An Unofficial Guide to Unofficial Swag: Stickers

Mozillians like stickers.

laptopStickers

However! Mozilla doesn’t print as many stickers as you might think it does. Firefox iconography, moz://a wordmarks, All Hands-specific rounds, and Mozilla office designs are the limit of official stickers I’ve seen come from official sources.

The vast majority of sticker designs are unofficial, made by humans like you! This guide contains tips that should help you create and share your own unofficial stickers.

Plan 9
(original poster by Tom Jung, modifications by :Yoric and myself. Use under CC-BY-SA 3.0)

Design

I’m not a designer. Luckily for my most recent printing project I was simply updating the existing design you see above. If you are adapting someone else’s design, ensure you either have permission or are staying within the terms of the design’s license. Basic Firefox product identity assets are released under generous terms for remixing, for instance.

Size

The bigger they are, the harder they are to fit in a pocket or on the back of a laptop screen. Or in carry-on. The most successful stickers I’ve encountered have been at most 7cm on the longest side (or in diameter, for rounds), and many have been much smaller. With regards to size, less may in fact be more, but you have to balance this with any included text which must be legible. The design I used wouldn’t work much smaller than 7cm in height, and the text is already a little hard to read.

Distribution

How will you distribute these? If your design is team-specific, a work week is a good chance to hand them out individually. If the design is for a location, then pick a good gathering point in that location (lunchrooms are a traditional and effective choice), fan out some dozen or two stickers, and distribution should take care of itself. All Hands are another excellent opportunity for individual and bulk distribution. If the timing doesn’t work out well to align with a work week or an All Hands, you may have to resort to mailing them over the globe yourself. In this case, foster contacts in Mozilla spaces around the world to help your stickers make it the last mile into the hands and onto the laptops of your appreciative audience.

Volume

50 is a bare minimum both in what you’ll be permitted to purchase by the printer and in how many you’ll want to have on hand to give away. If your design is timeless (i.e. doesn’t have a year on it, doesn’t refer to a current event), consider making enough leftovers for the future. If your design is generic enough that there will be interest outside of your team, consider increasing supply for this demand. Generally the second 50 stickers cost a pittance compared to the first 50, so don’t be afraid to go for a few extra.

Funding

You’ll be paying for this yourself. If your design is team-specific and you have an amenable expense approver you might be able to gain reimbursement under team-building expenses… But don’t depend on this. Don’t spend any money you can’t afford. You’re looking at between 50 to 100 USD for just about any number of any kind of sticker, at current prices.

Location

I’m in Canada. The sticker printer I chose most recently (stickermule) was in the US. Unsurprisingly, it was cheaper and faster to deliver the stickers to the US. Luckily, :kparlante was willing to mule the result to me at the San Francisco All Hands, so I was able to save both time and money. Consider these logistical challenges when planning your swag.

Timing

Two weeks before an All Hands is probably too late to start the process of generating stickers. I’ve made it happen, but I was lucky. Be more prepared than I was and start at least a month ahead. (As of publication time you ought to have time to take care of it all before Austin).

Printing

After putting a little thought into the above areas it’s simply a matter of choosing a printing company (local to your region, or near your distribution venue) and sending in the design. They will likely generate a proof which will show you what their interpretation of your design on their printing hardware will look like. You then approve the proof to start printing, or make changes to the design and have the printer regenerate a proof until you are satisfied. Then you arrange for delivery and payment. Expect this part of the process to take at least a week.

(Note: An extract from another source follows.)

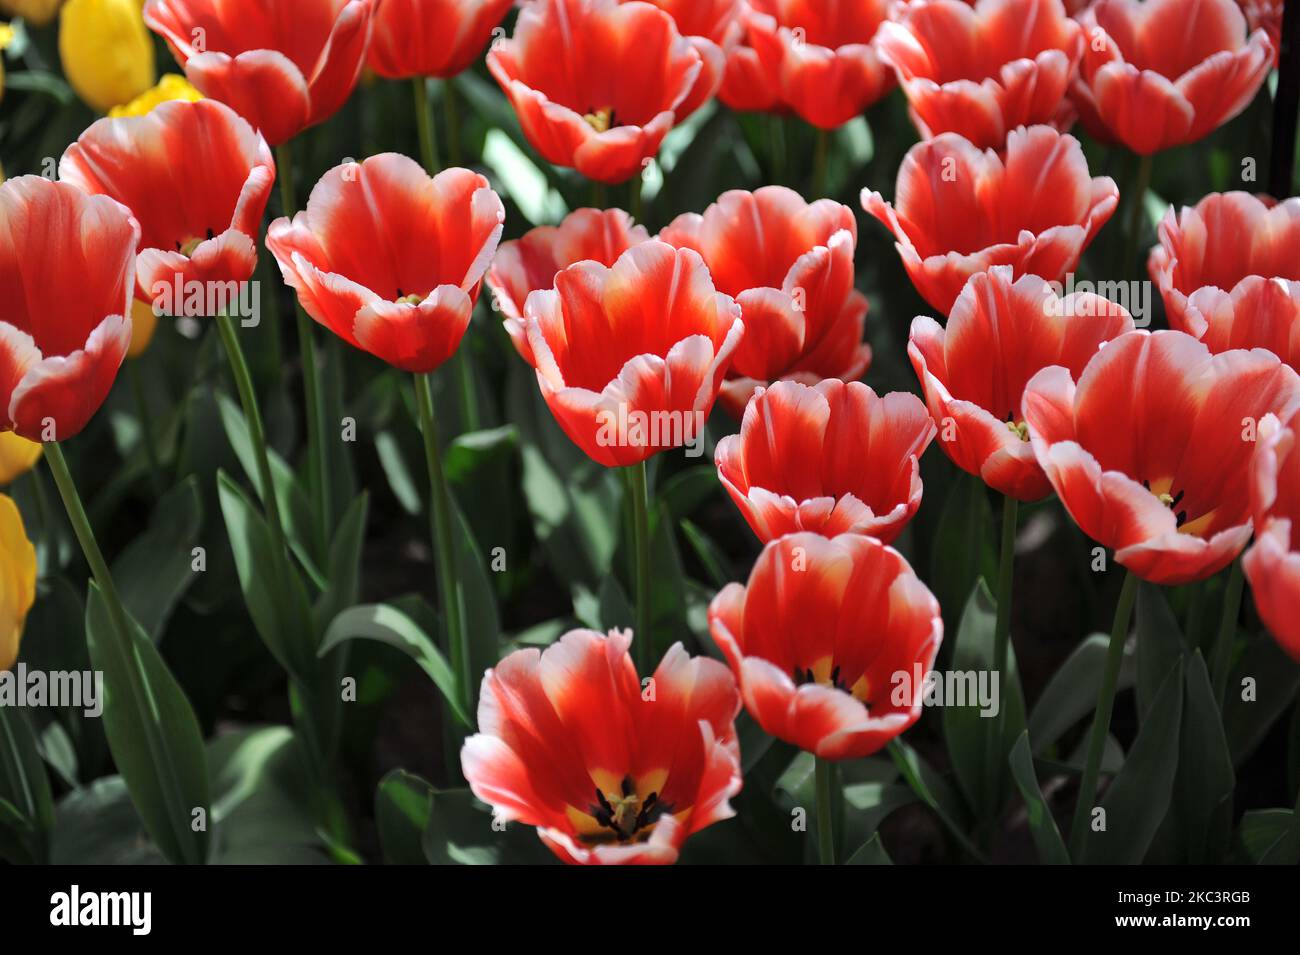 Red with white edges Triumph tulips (Tulipa) Talent bloom in a garden in April Stock Photo

And that’s all I have for now. I’ll compile any feedback I receive into an edit or a Part 2, as I’ve no doubt forgotten something essential that some member of the Mozilla Sticker Royalty will only too happily point out to me soonish.

Oh, and consider following or occasionally perusing the mozsticker Instagram account to see a sample of the variety in the Mozilla sticker ecosystem.

Happy Stickering!

:chutten

Two-Year Moziversary

Today marks two years since I became a Mozillian and MoCo Staff.

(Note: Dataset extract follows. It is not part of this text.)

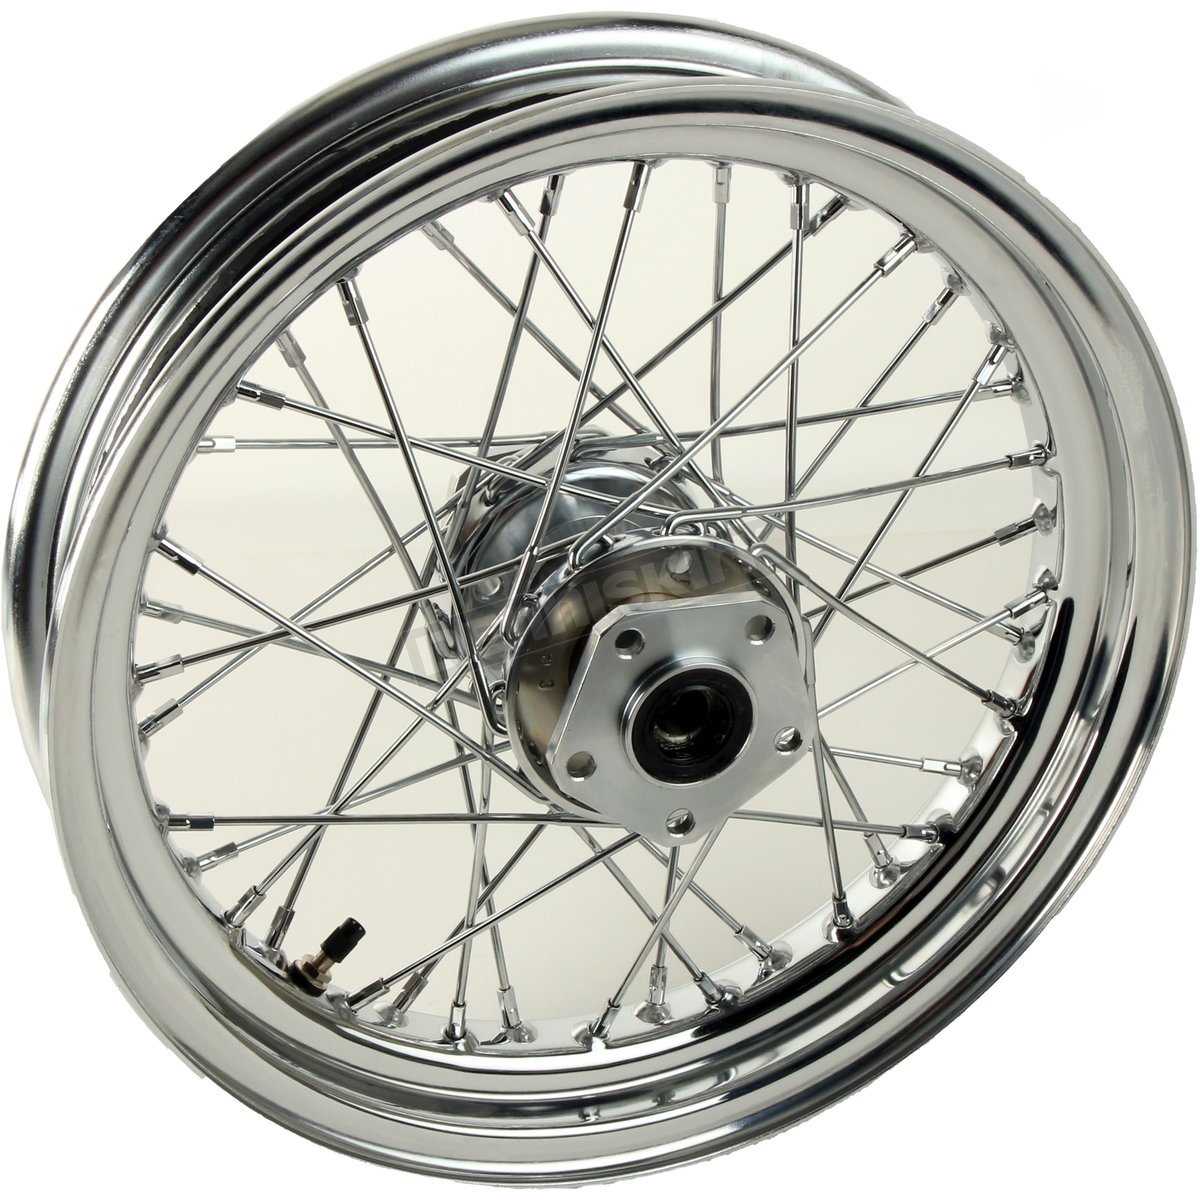 TARAZON 18 x 3.5 Fat Spoke Rear Tubeless Wheel Rim for Harley Softail Dyna with 25mm Axle Bearing Chormed Color Wheel

What did I do this year… well, my team was switched out from under me again. This time it was during the large Firefox + Platform reorg, and basically means my team (Telemetry Client Engineering) now has a name that more closely matches what I do: writing client-side Telemetry code, performing ad hoc data analysis, and reading a lot of email. I still lurk on #fce and answer questions for :ddurst about data matters from time to time, so it’s not a clean break by any means.

This means my work has been a little more client-focused. I completed my annual summer Big Refactor or Design Thing That Takes The Whole Summer For Some Reason. Last year it was bug 1218576 (whose bug number is lodged in my long-term memory and just won’t leave). This year it was bug 1366294 and its friends where, in support of Quantum, we reduced our storage overhead per-process by quite a fair margin. At the same time we removed excessive string hashes, fast-pathing most operations.

Ah, yes: Quantum. Every aspect of Firefox was under scrutiny… and from a data perspective. I’ve lost count of the number of times I’ve been called in to consult on data matters in support of the quickening of the new Firefox Quantum (coming this November to an Internet Near You!). I even spent a couple days in Toronto as part of a Quantum work week to nail down exactly what we could and should measure before and after shipping each build.

A pity I didn’t leave myself more time to just hang out with the MoCoTo folks.

In All Hands news we hit Hawai’i last December. Well, some of us did. With the unrest in the United States and the remoteness of the location this was a bit more of a Most Hands. Regardless, it was a productive time. Not sure how we managed to find so much rain and snow in a tropical desert, but we’re a special bunch I guess?

In June we were in San Francisco. There I ate some very spicy lunch and helped nail down some Telemetry Health metrics I’ve done some work on this autumn. Hopefully we’ll be able to get those metrics into Mission Control next year with proper thresholds for alerting if things go wrong.

This summer I mentored :flyingrub for Google Summer of Code. That was an interesting experience that ended up taking up quite a lot more time than I imagined it would when I started. I mean, sure, you can write it down on paper how many hours a week you’ll spend mentoring an intern through a project, and how many hours beforehand you’ll spend setting it up… but it’s another thing to actually put in the work. It was well worth it, and :flyingrub was an excellent contributor.

In last year’s Moziversary post I resolved to blog more, think more, and mentor more. I’ve certainly mentored more, with handfuls of mentored bugs contributed by first-time community members and that whole GSoC thing. I haven’t blogged more, though, as though I’ve written 23 posts with only April and July going without a single writing on this here blog, last year I posted 27. I also am not sure I have thought more, as simple and stupid mistakes still cast long shadows in my mind when I let them.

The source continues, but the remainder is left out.